UK Government must follow other countries in creating a labour system that is fit for purpose to make up for the 10,000-person seasonal worker deficit.
Giving examples of how other nations are tackling labour shortages at the first AHDB SmartHort conference, Ali Capper, NFU, told how Germany have access to 60,000 Ukrainian seasonal farm workers, thanks to a new immigration law which has no skills or salary threshold, or a requirement for farmers to prove they cannot source labour locally.
In the Netherlands seasonal workers simply need a temporary work visa, and Poland, which has the largest number of legal migrants in any rich country, welcomes 500,000 non-EU workers, predominantly from Ukraine, to process crop every year.

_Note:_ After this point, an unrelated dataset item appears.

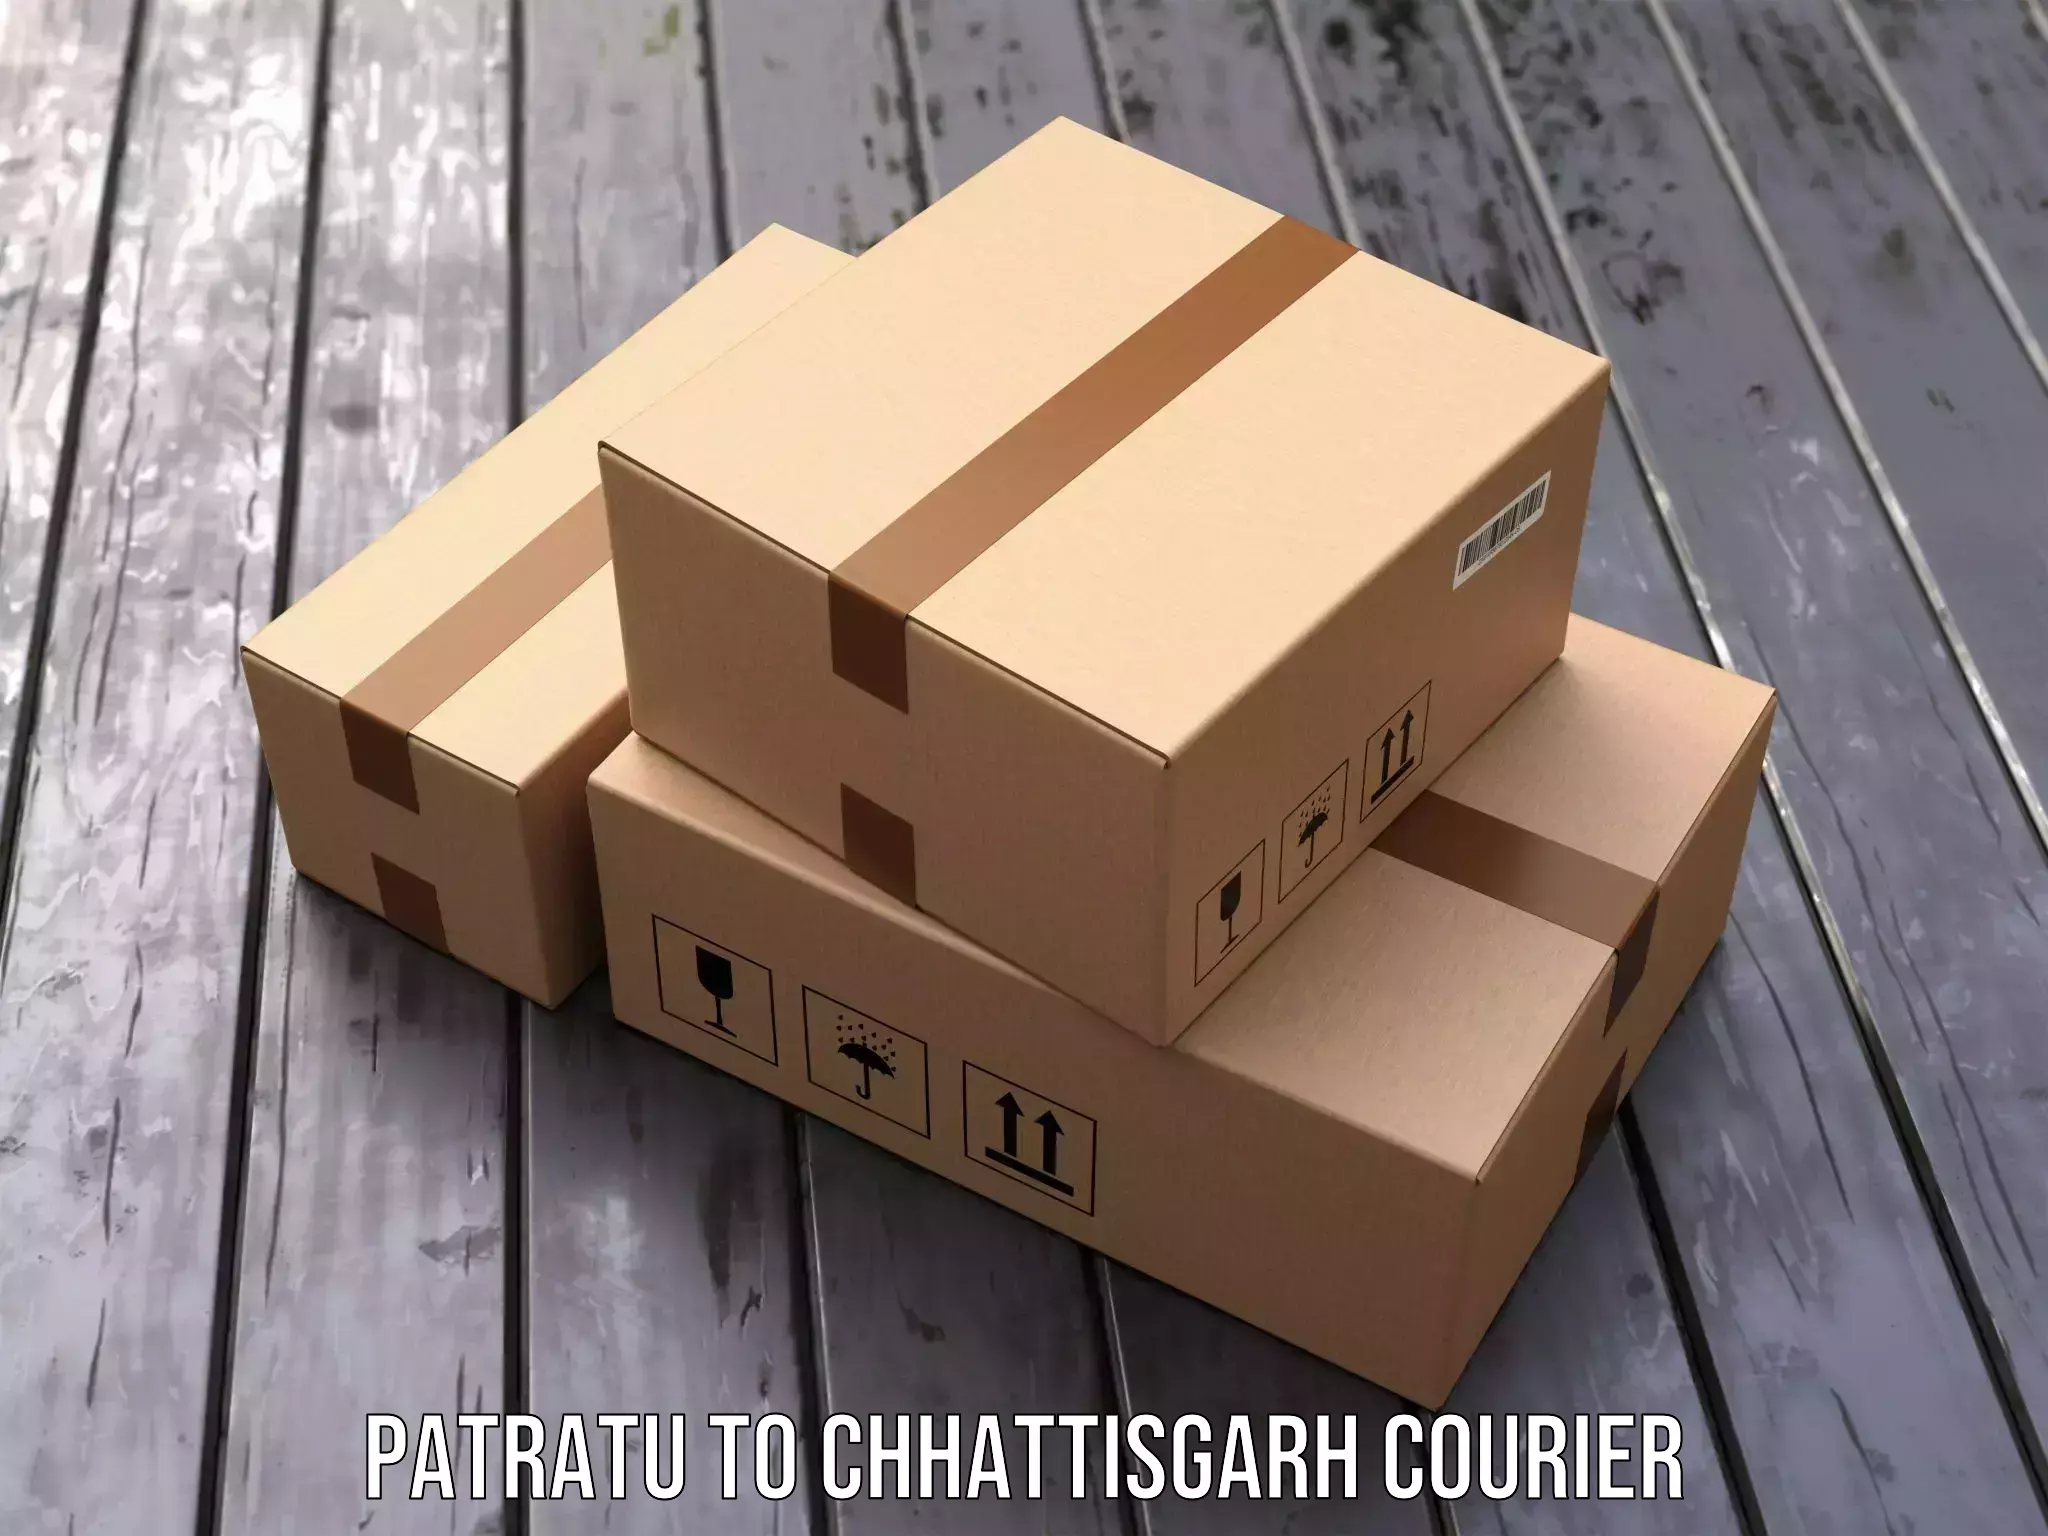 On-time delivery services Patratu to Patna Chhattisgarh

Ms Capper said that the labour shortage is not selective to the UK, but is a ‘first world’ problem that has nothing to do with Brexit.

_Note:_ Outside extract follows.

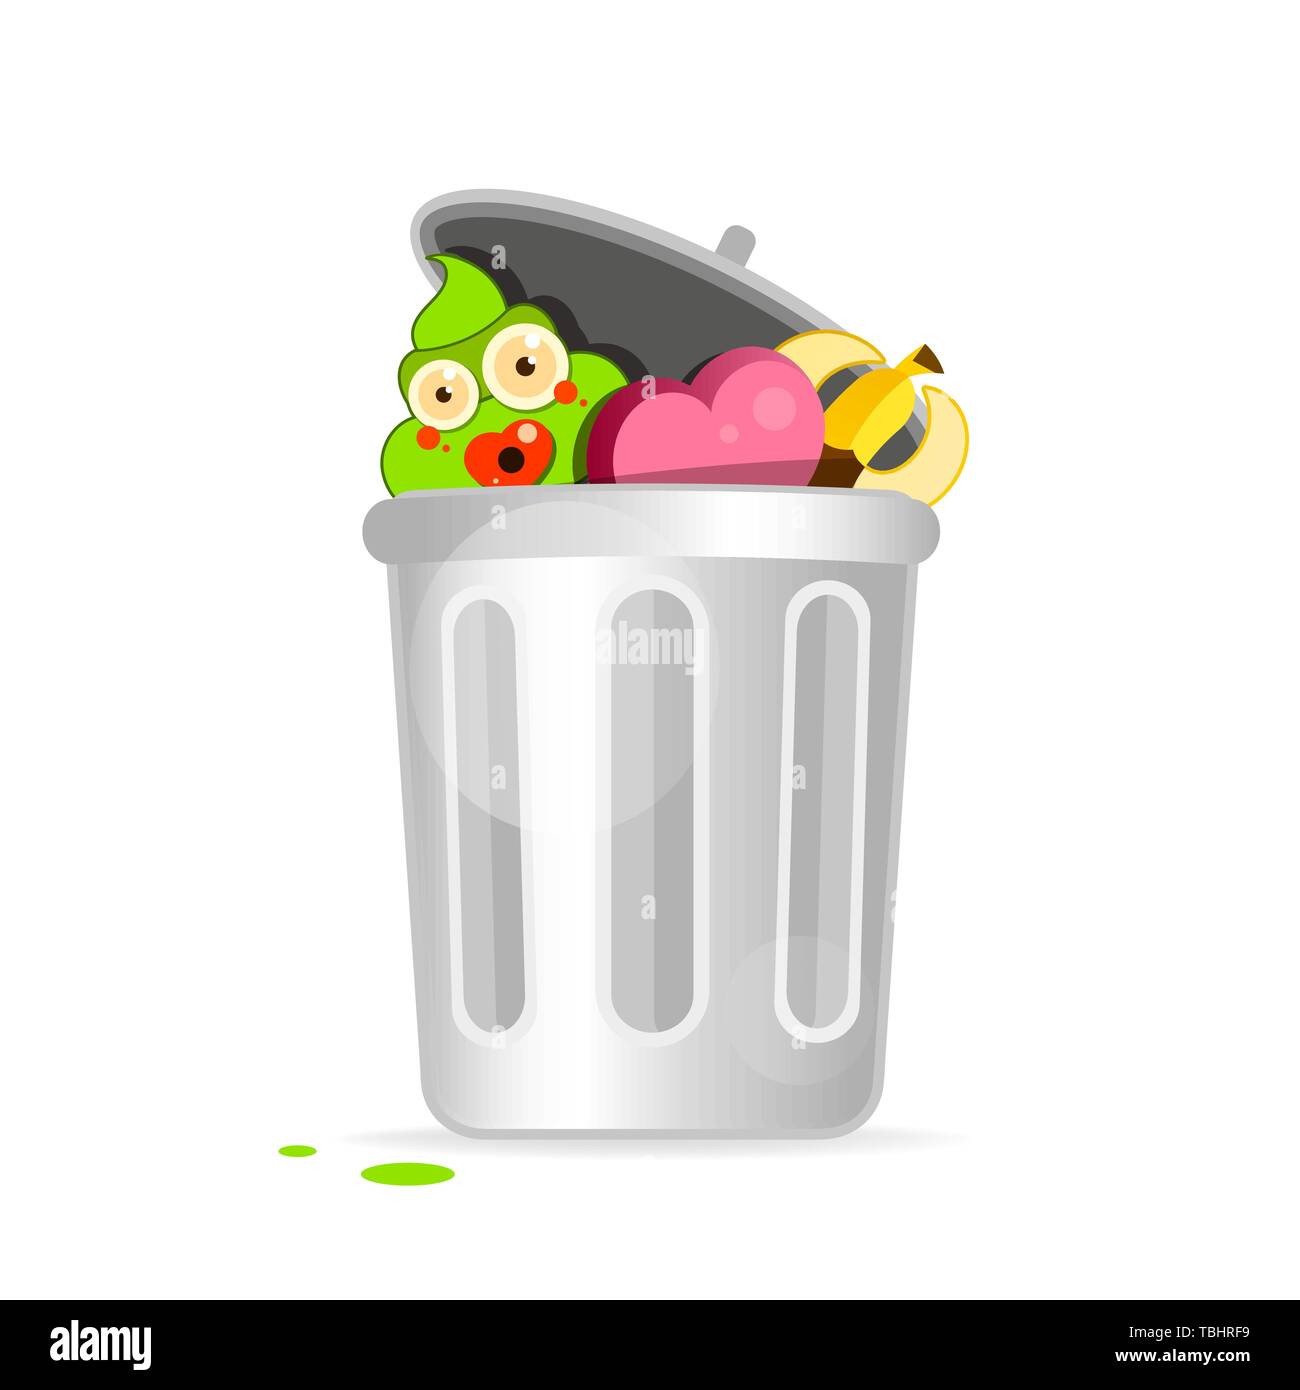 waste basket cartoon

“This is not a UK-centred problem, focussed on our Brexit-dominated immigration politics. Across our developed nations we have aging populations and low unemployment levels. I am fed-up of our politicians asking why growers cannot just use local labour.”
The UK needs to recruit 10,000 more seasonal farm workers, but the Seasonal Workers Pilot (SWP) currently only allows 2500 non-EU citizens to stay for up to six months.

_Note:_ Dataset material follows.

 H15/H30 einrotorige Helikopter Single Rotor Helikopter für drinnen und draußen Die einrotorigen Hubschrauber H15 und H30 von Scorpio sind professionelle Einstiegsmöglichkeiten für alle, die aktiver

Ms Capper continued, “These countries identified an industry that has a need and developed an immigration policy fit for purpose. I would like to see the UK choosing policy measures that would allow us to compete in the same way.
“The USA has 240,000 seasonal workers with a proposal now going into Government for 450,000. Everybody else in the world is facing the same problem as us. Everybody else’s government is putting forward policy measures that work to enable them to support their horticultural sectors.”
Pointing out the value of the horticulture industry to UK farming, Ms Capper said: “Horticulture makes up just two per cent of farmed land area, but 25 per cent of farm gate value. Since 2000 the fruit sector has grown by 204 per cent and veg by 73 per cent. Those are amazing growth statistics to be proud of.”